A proof-of-concept (PoC) code demonstrating a recently disclosed digital signature bypass vulnerability in Java has been posted on the internet.
CVE-2022-21449 (CVSS score: 7.5) is a high-severity flaw that affects the following versions of Java SE and Oracle GraalVM Enterprise Edition:
* Oracle Java SE: 7u331, 8u321, 11.0.14, 17.0.2, 18
* Oracle GraalVM Enterprise Edition: 20.3.5, 21.3.1, 22.0.0.2
The flaw is in Java’s implementation of the Elliptic Curve Digital Signature Algorithm (ECDSA), which is a cryptographic mechanism for verifying the authenticity and the integrity of the contents.
In brief, the cryptographic flaw – dubbed Psychic Signatures in Java — allows to present a totally blank signature to be presented and yet be valid by the vulnerable implementation.
If the security vulnerability is successfully exploited, an attacker can be able to counterfeit signatures and bypass authentication measures put in place.

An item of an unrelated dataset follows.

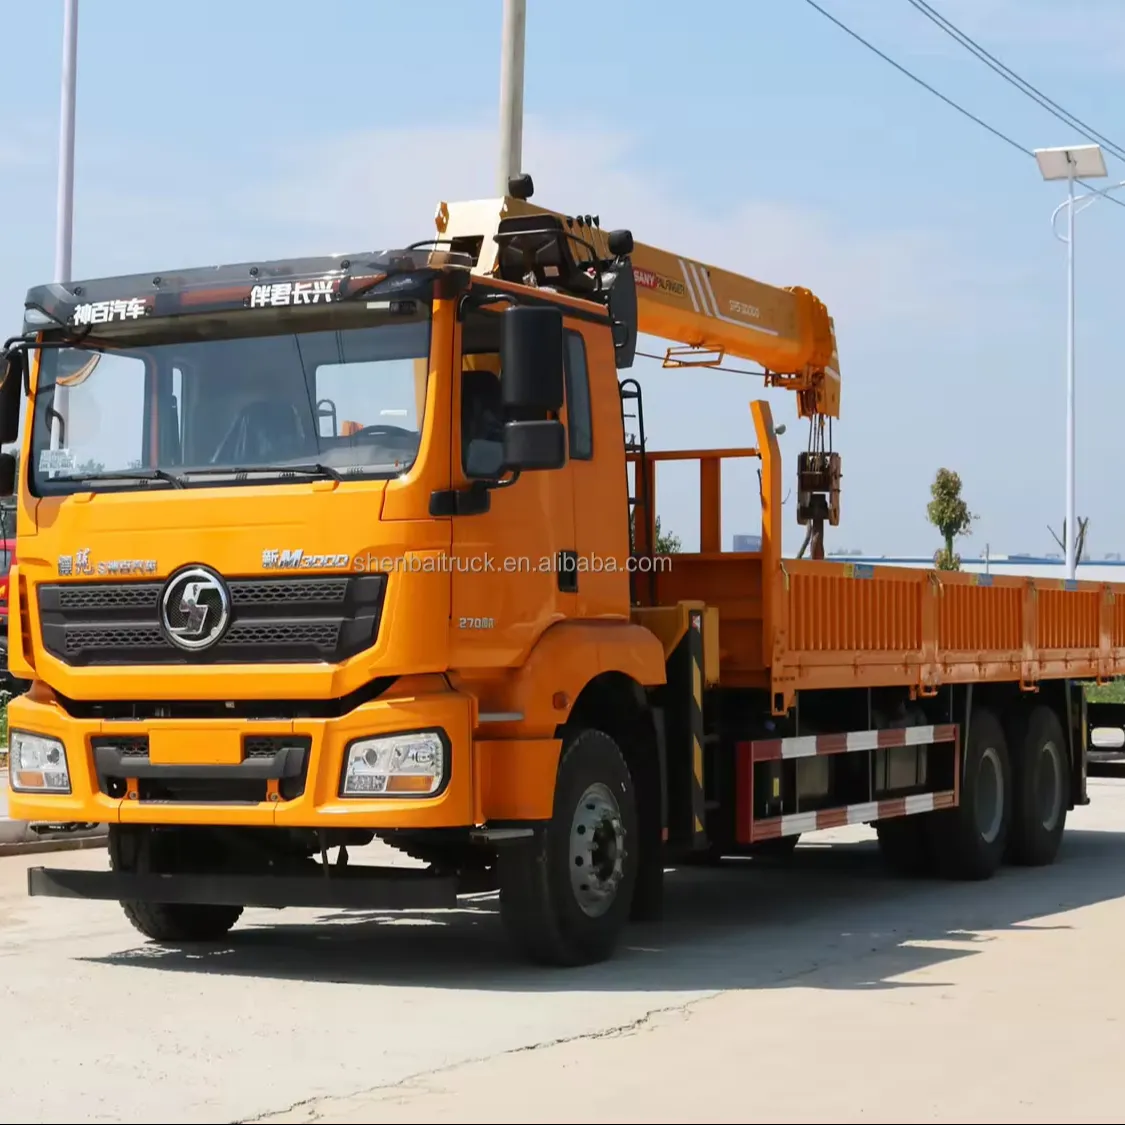 شاحنة شحن Shacman 6x4 LHD/RHD مع رافعة يد رافعة هيدروليكية بوزن 12 طن 14 طن 16 طن للبيع من المصدر الصيني
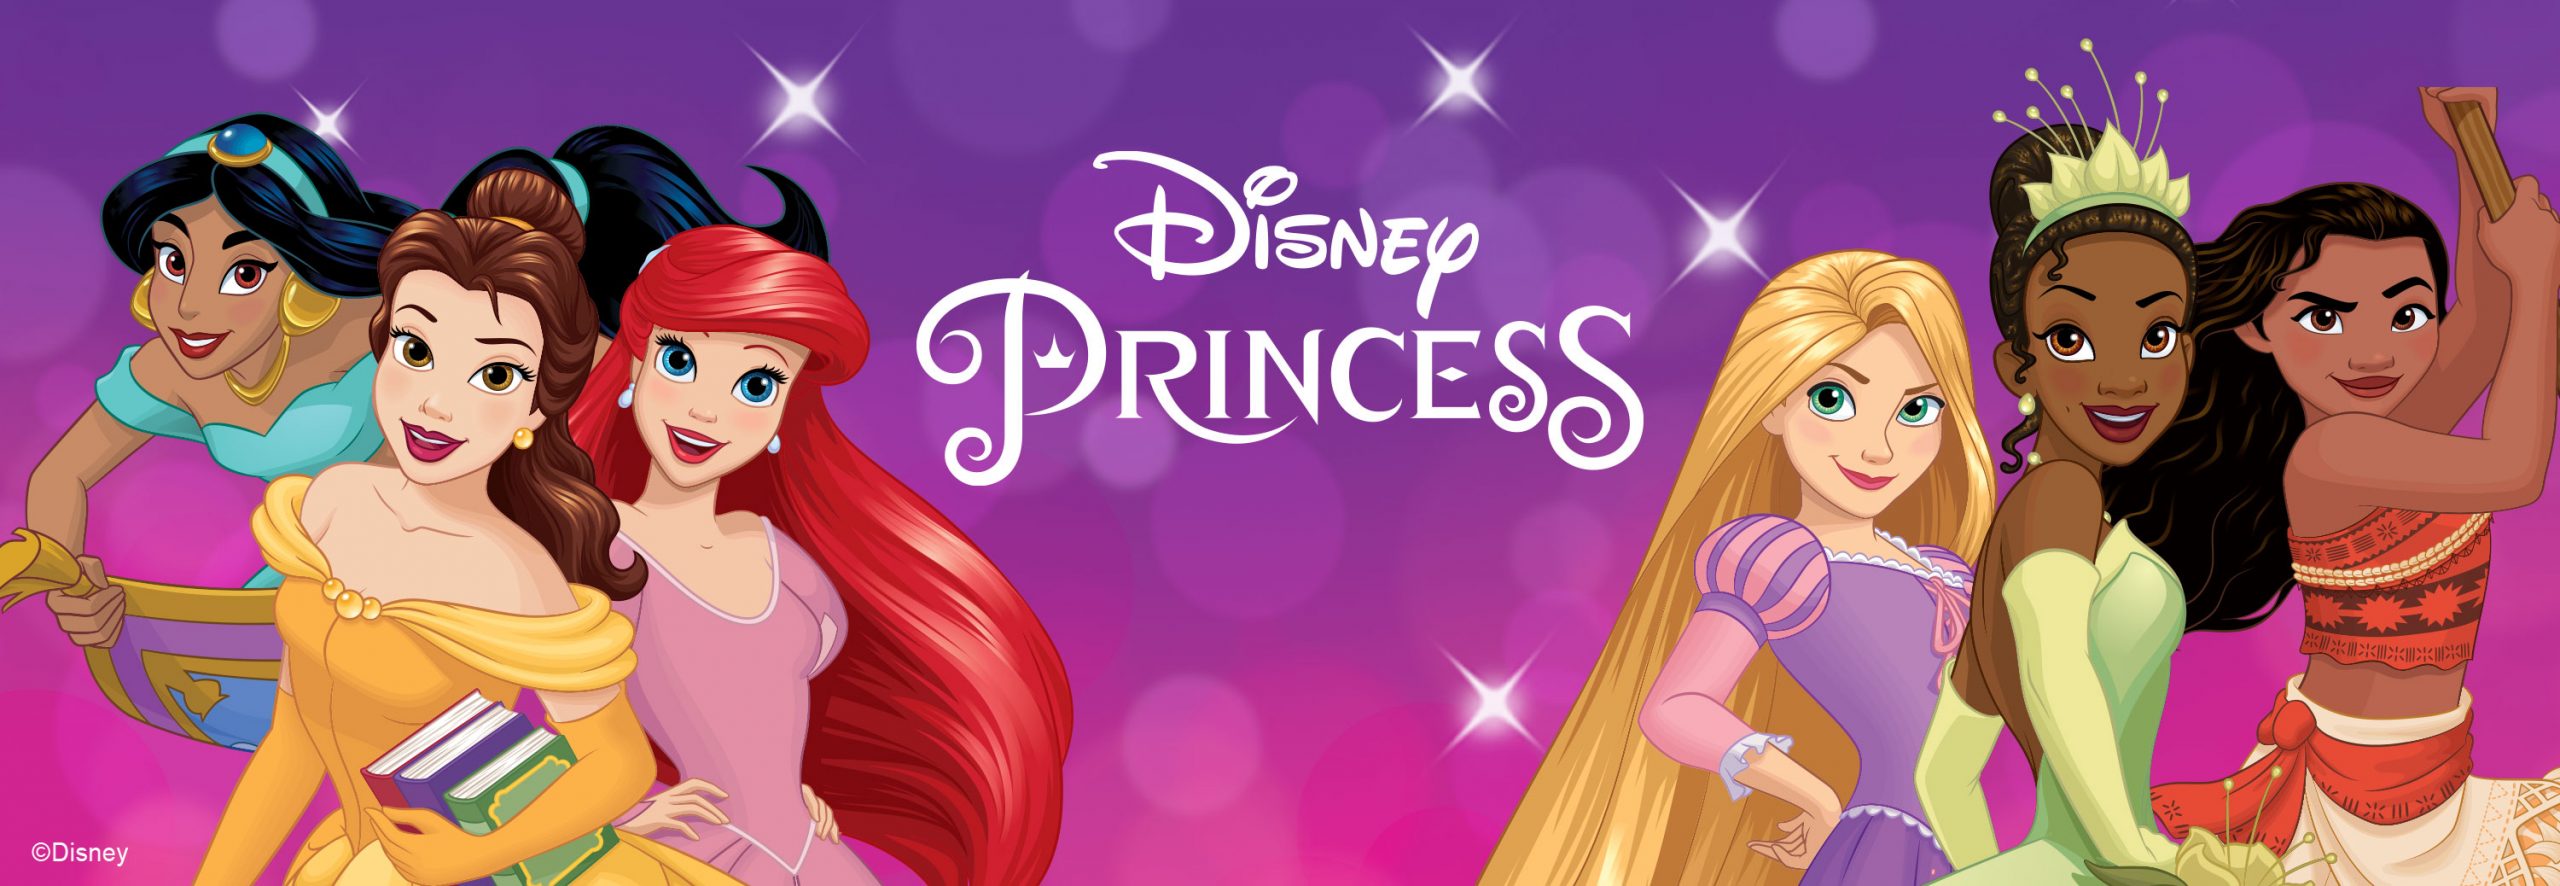 Disney Princess - JAKKS Pacific, Inc.

The proof-of-concept, published by security researcher Khaled Nassar, includes a vulnerable client and a malicious TLS server, with the former accepting an invalid signature from the server, effectively allowing the TLS handshake to proceed continue unimpeded.
ForgeRock researcher Neil Madden, who discovered and reported the flaw on November 11, 2021, said “It’s hard to overstate the severity of this bug,”
“If you are using ECDSA signatures for any of these security mechanisms, then an attacker can trivially and completely bypass them if your server is running any Java 15, 16, 17, or 18 version.”
Oracle fixed the security flaw in its quarterly April 2022 Critical Patch Update (CPU), which was released on April 19, 2022.
Organizations that use Java 15, Java 16, Java 17, or Java 18 in their environments should prioritize the patches in light of the release of the PoC to mitigate active exploitation attempts.